Durante la campagna del 2012 il team digital di Obama indisse un concorso interno, durato alcune settimane, per premiare il membro dello staff capace di individuare l’e-mail che avrebbe ottenuto i migliori risultati in termini di donazioni fra i tanti diversi messaggi che venivano provati nei test di invio. Nessuno riuscì a indovinare con regolarità. Nemmeno l’e-mail director della campagna, Toby Fallsgraff, che anzi si posizionò agli ultimi posti della classifica (Daigneault, 2013).

Questo aneddoto ci ricorda l’importanza di non lavorare mai con la presunzione di sapere che cosa piace alle persone e di non credere che le proprie preferenze siano assolute. Per questo è importante testare diverse soluzioni prima di compiere una scelta. Anche se le opzioni di test sono molteplici, essenzialmente si usano due tecniche: il test A/B e quelli multivariati.
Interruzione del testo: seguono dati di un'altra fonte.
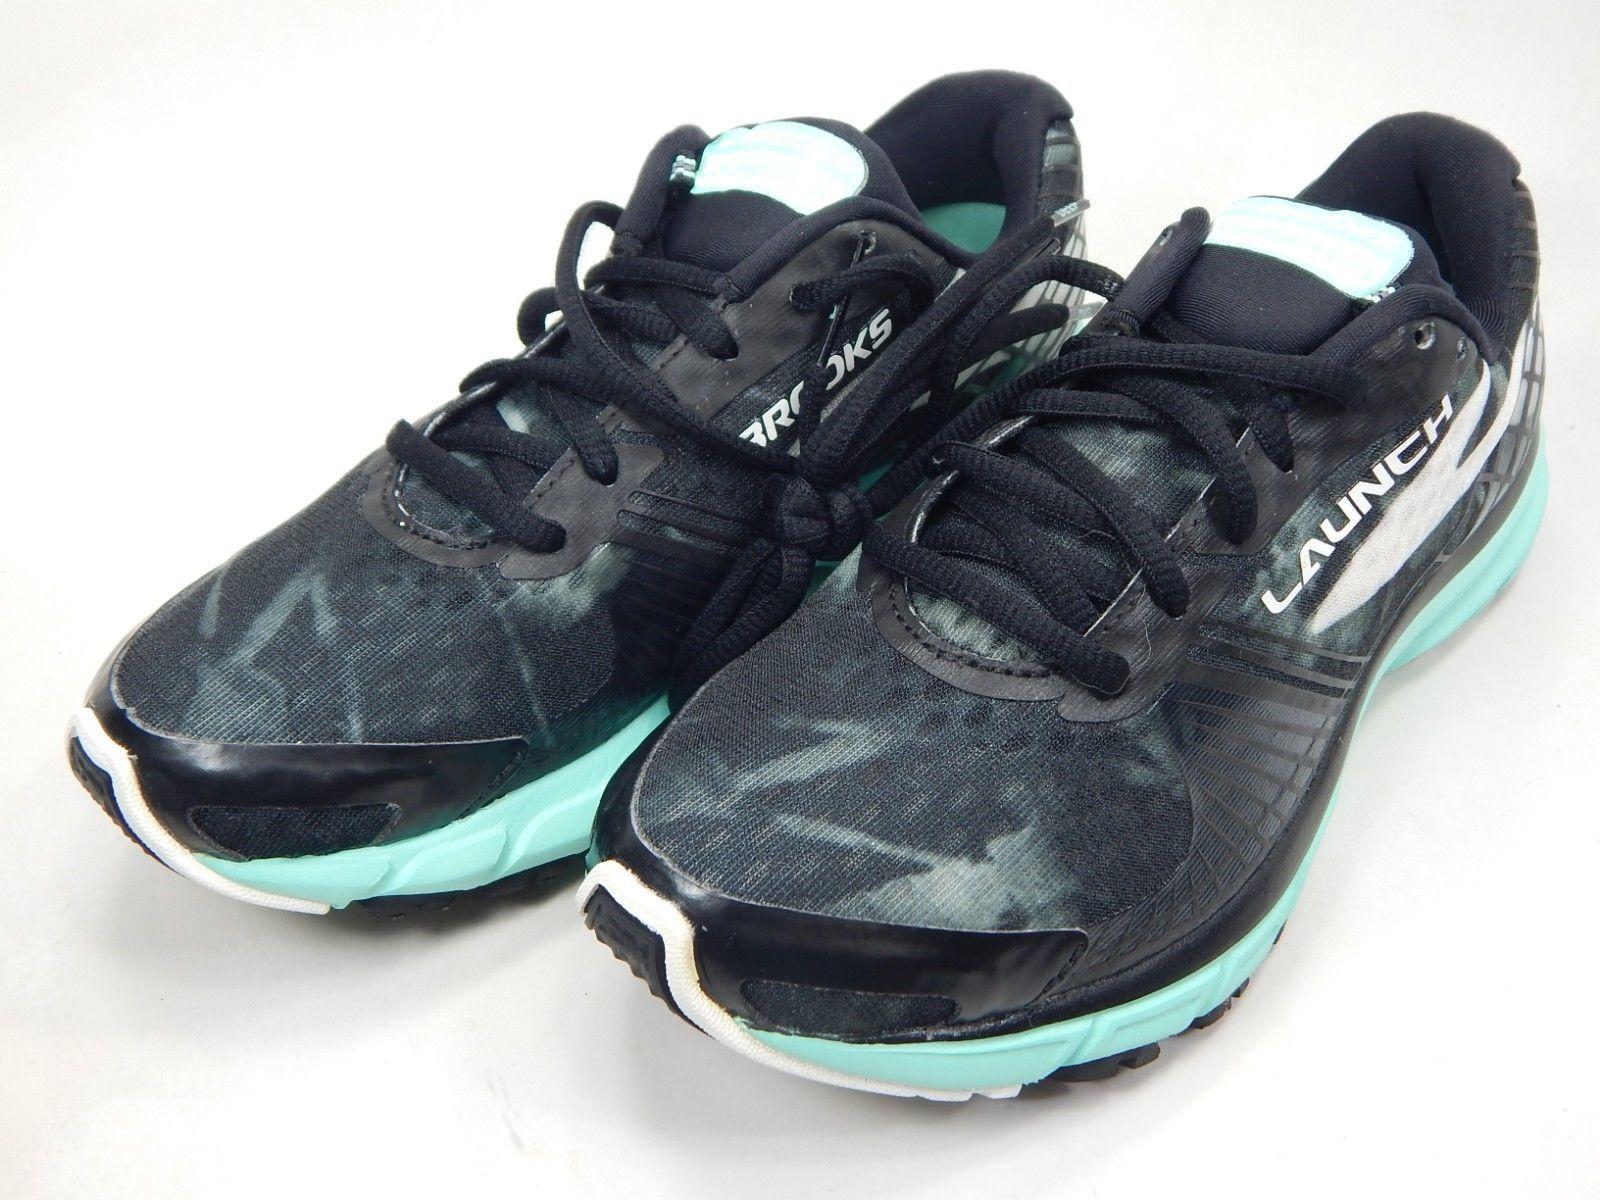 Brooks Launch 3 Size 6.5 M (B) EU 37.5 Women's Running Shoes Black 1202061B071 image 3
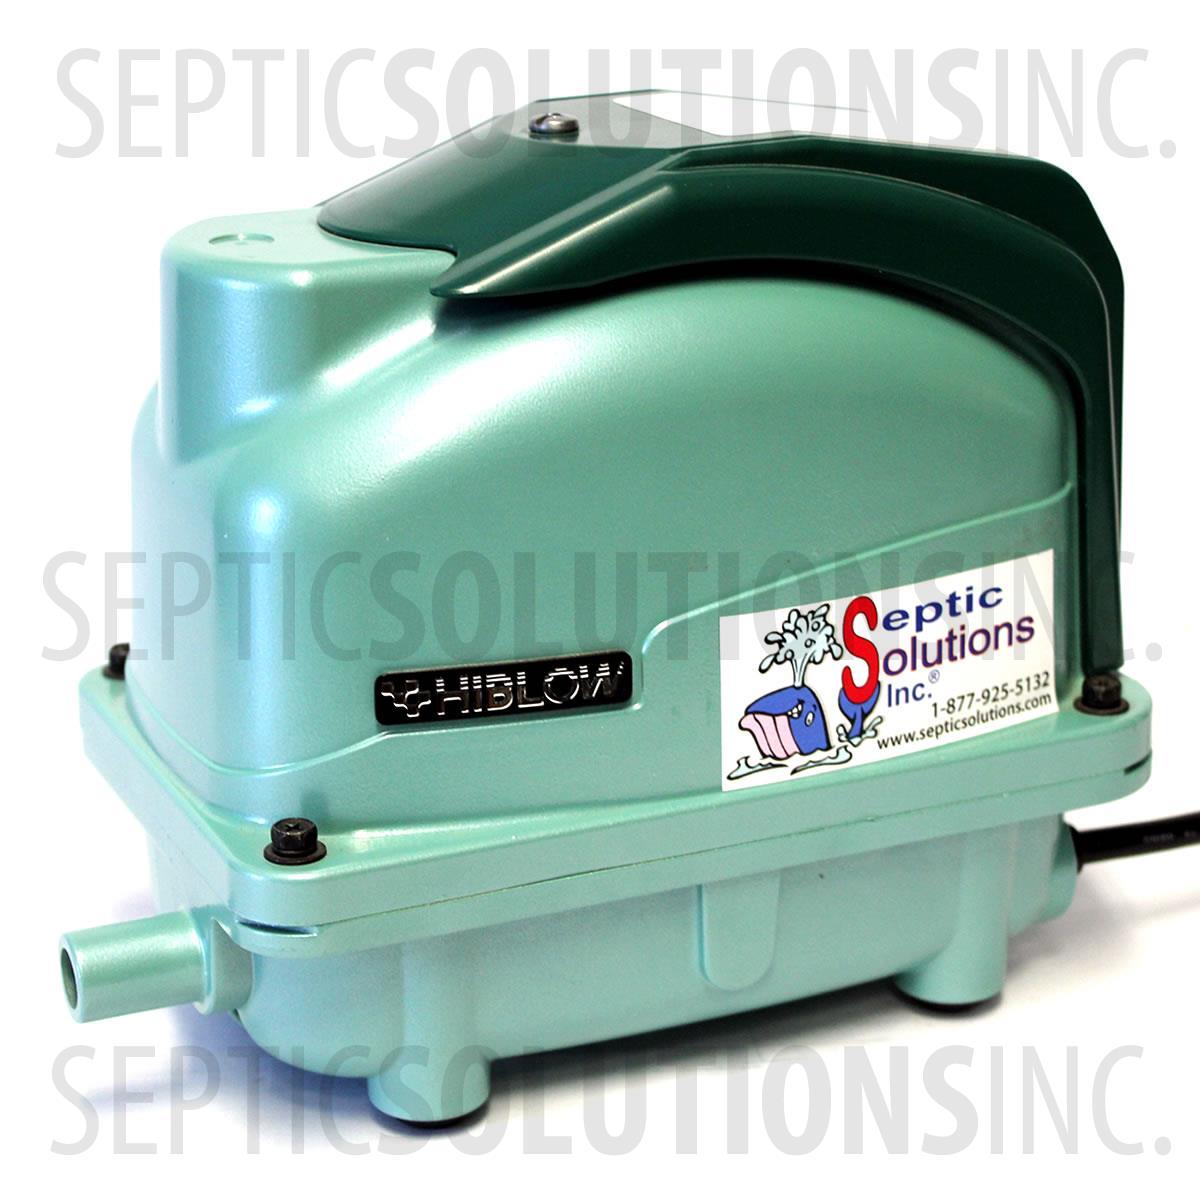 Hiblow Xp 80 Septic Aerator Pump Fast Amp Free Shipping

Il test A/B è semplice e consiste nel collaudare due o più versioni di una pagina web, del testo di una e-mail o di qualsiasi altro contenuto.

Ogni versione viene presentata a un campione e in base ai risultati si sceglie la migliore. È un test che può dare risultati sorprendenti.

La figura mostra due diverse versioni della splash page testata per il concorso Dinner with Barack che metteva in palio, come abbiamo già avuto modo di ricordare, un viaggio gratuito per due persone per partecipare a una cena con il presidente e la first lady Michelle Obama.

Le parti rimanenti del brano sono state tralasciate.